Conceptual framework

The proposed framework consists of the intelligence, control, and perception modules, as visualised in Fig. 1. The intelligence module comprises three distinct artificial neural network (ANN) models: a model to detect the probe location, a model to classify the echo window, and a model to evaluate the quality of live echo images. These models take data from the peripheral devices available in the perception module: the body camera for the probe locator model and the ultrasound probe for the image quality assessment model. The former uses a YOLOv5 object detection model to output the bounding box of the probe in an image from the body camera, while the image quality model employs an InceptionV3 architecture trained to distinguish between ‘good’ and ‘bad’ ultrasound images from manually labelled data.

A main contribution of this research lies in the control module, the key element of which is a novel echo-window search algorithm. This algorithm takes inspiration from the rule-based feedback scanning protocol developed in⁸. It takes echocardiography images and their location descriptors as inputs and outputs the optimal location of the probe in the next step of scanning based on the inputs, with respect to the idealised constraints of the ultrasound positioning system.

Finally, the perception module acts as an interface to the real-world environment, containing a body-facing camera to obtain an image of the current scanning regime, the ultrasound probe as a real-time feed for cardiac imaging, and the robotic arm which manipulates the ultrasound probe’s location. It should be noted that this study provides a conceptual framework for a system that involves a positional controller ideally in the form of a robotic arm. However, for this study, movement is simulated using software, traversing over a set of images with positions that correspond to a physical acquisition on a HeartWorks cardiac ultrasound simulator.

The echo images used in this study were sourced from simulations, publicly available datasets, and those acquired by a cardiologist on a staff member within the cardiology department of Milton Keynes University Hospital who volunteered himself for echocardiography scanning for this study, along with a healthy member from the research team. No patient data was used. The project was approved by Cranfield University Research Ethics System (CURES) with reference number 18154. All confidential information was handled in agreement with the Declaration of Helsinki. All communications were made through National Health Service secure email accounts.

Implementation

System setup

This study developed a simulation system to analyse the feasibility of the proposed automated echocardiography acquisition framework. Figure 2a shows that the HeartWorks ultrasound simulator, manufactured by MedaPhor Ltd UK¹⁷, was used to simulate the data capture process of echocardiography. A Garmin VIRB X action camera was placed at a vertical distance of 76 cm to the surface of the patient's torso, parallel to the patient's groin area, facing down, as shown in Fig. 2b. The camera, shown in Fig. 2c, aims to locate the transducer automatically. A typical view of the camera is shown in Fig. 2d.

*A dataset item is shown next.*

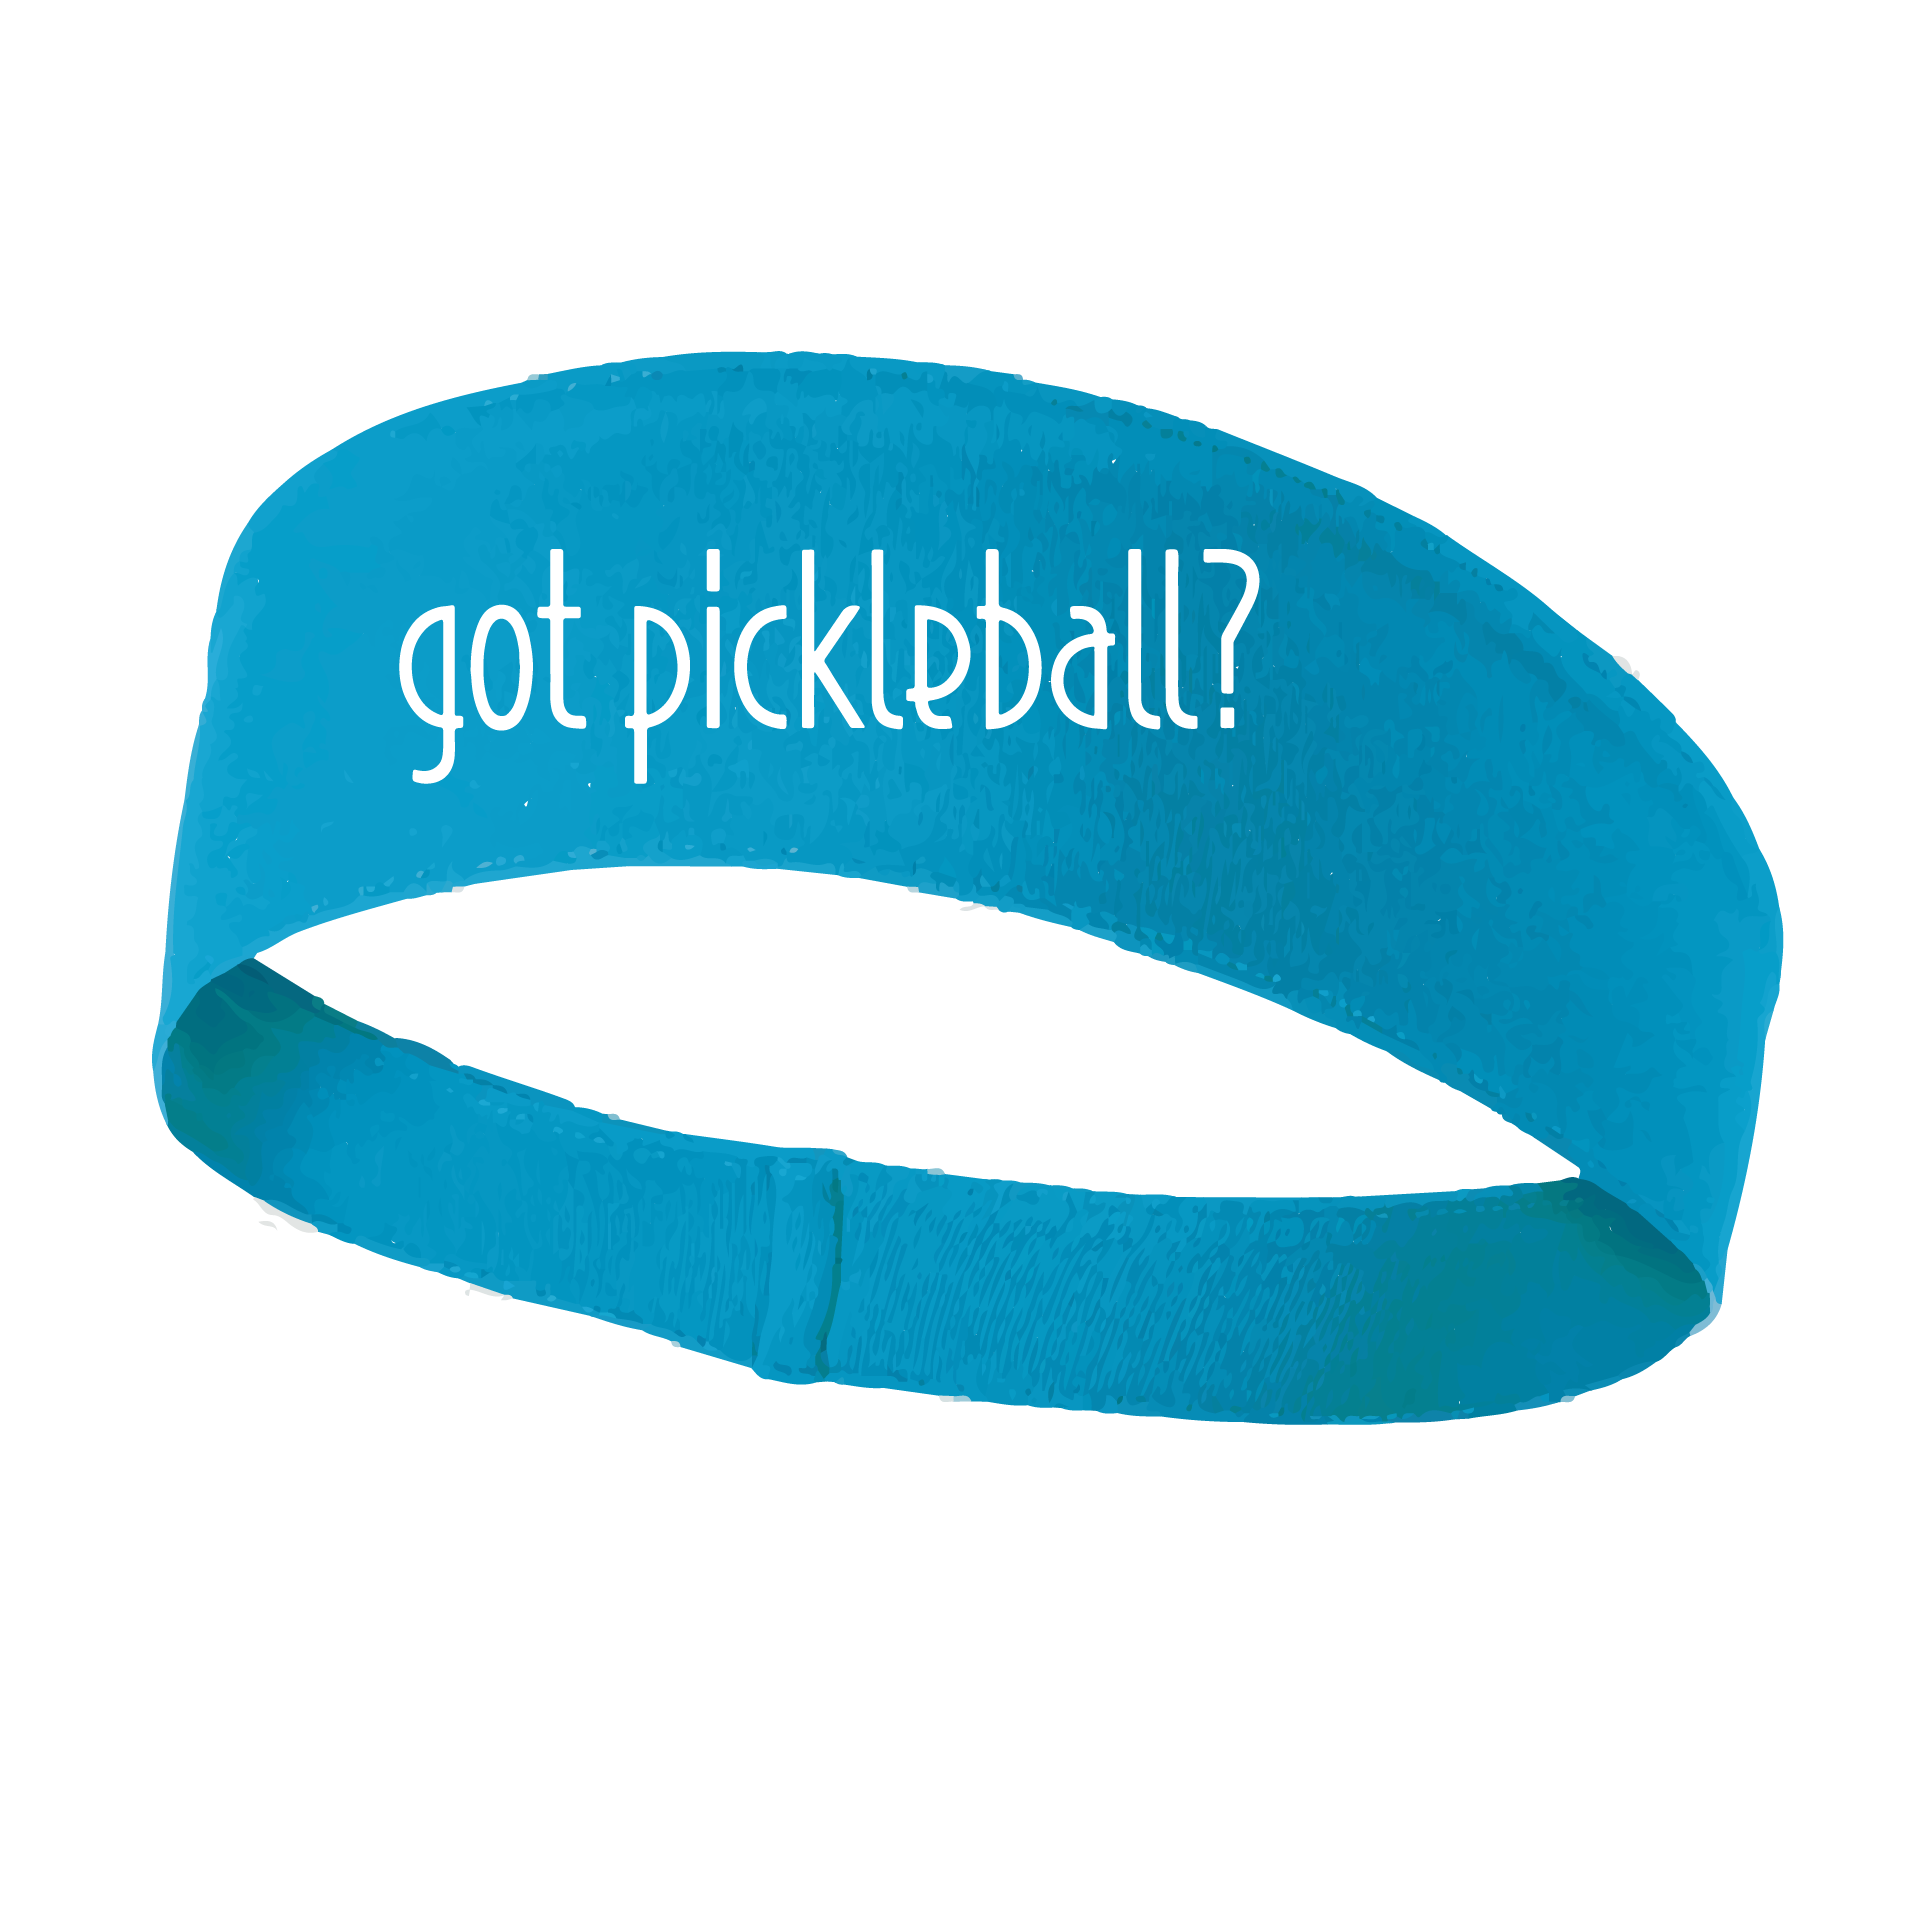 Design: Got Pickleball?  This fun, pickleball designed, moisture-wicking headband narrows in the back to fit more securely. Single-needle top-stitched edging. These headbands come in a variety of colors. Truly shows your love for the sport of pickleball!!

The location of each captured cardiac ultrasound image is obtained by applying the probe locator model on the videos from the body camera while synchronised to the TTE video. Once done, each image was stored in a file directory according to location (in x–y coordinates) and given a unique image ID. The scanning process is simulated by fetching an image according to the location of its corresponding point. Tests were carried out by varying the step size interval, the search region, and the length of the rolling window. These tests were conducted to obtain a few parameters to evaluate the performance, including success rate, traversal length, simulation time taken and quality of the last image.

Image quality assessment model

This model aims to assign a quality metric of a given image obtained in real time through the ultrasound feed. This quality measure is then fed to the control module as input for the window search algorithm. The image quality model employs a convolutional neural network (CNN) to distinguish between ‘good’ (positive) and ‘bad’ (negative) TTE images from a novel echocardiography image quality dataset.

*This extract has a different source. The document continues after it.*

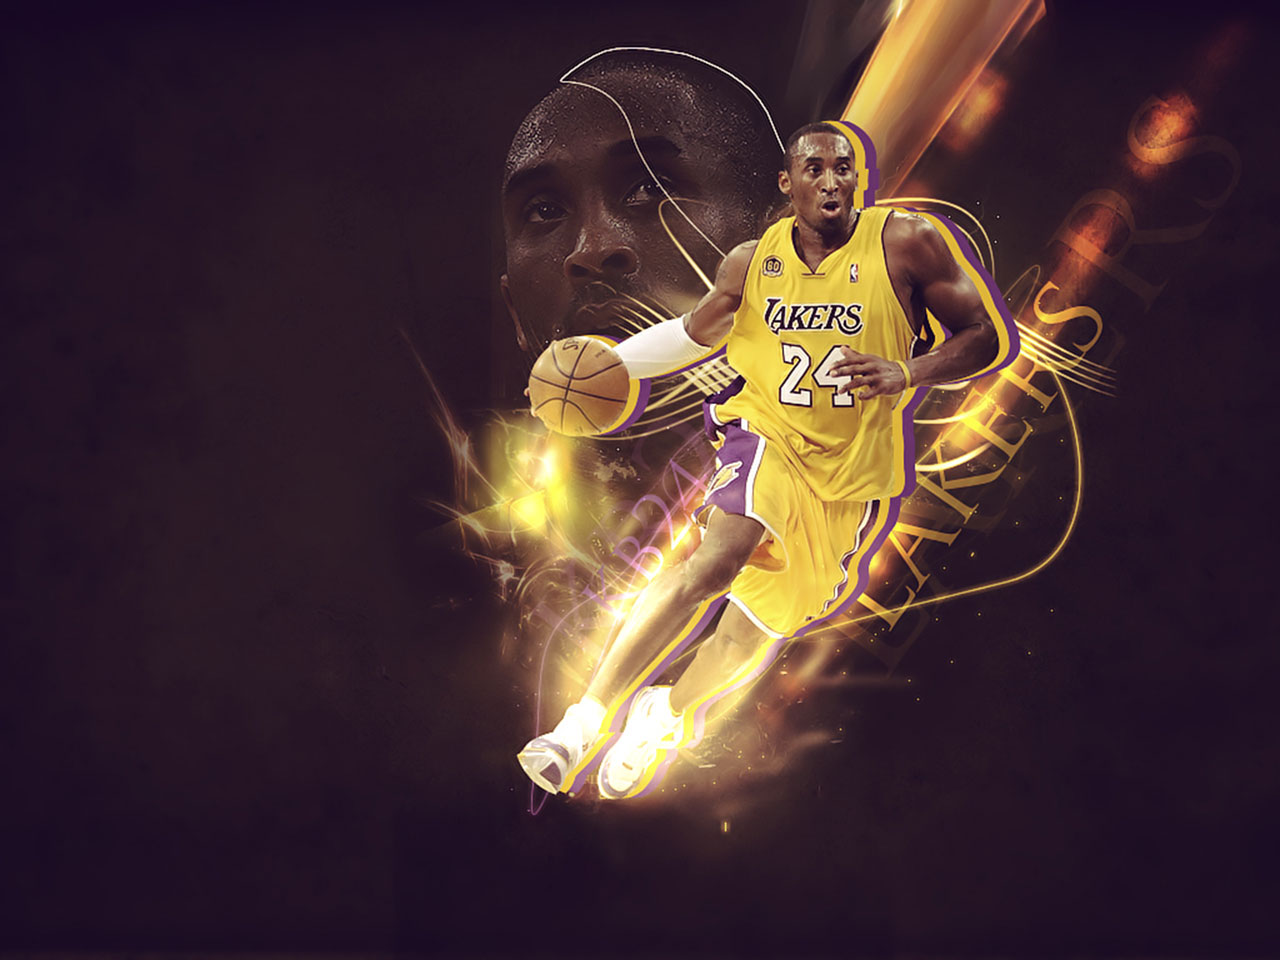  on all time NBA scorers ladder so i wanted to add wallpaper of him,

To train the model, an image quality dataset containing 5166 images (2852 ‘bad’ images, 2314 ‘good’ images) was used. The first part of the image quality dataset comprises 1137 anonymised images (22% of the whole dataset) collected from Milton Keynes University Hospital using a medical cardiac ultrasound system (Philips Epique CVX). Figure 3a shows an example image with four chambers. The second part of this dataset comprises 3679 synthetic images (71% of the total dataset) sourced from the HeartWorks ultrasound simulator, an example of which is shown in Fig. 3b. The third part of this dataset comprises 346 anonymized ultrasound images (7% of the total dataset) collected by a portable GE Vscan Extend ultrasound device for a healthy participant. Figure 3c shows an example of this in the A2Ch view. The Philips and GE Vscan devices are shown in Fig. 3d. Labelling for this dataset was done manually with reference to views already manually labelled by healthcare professionals.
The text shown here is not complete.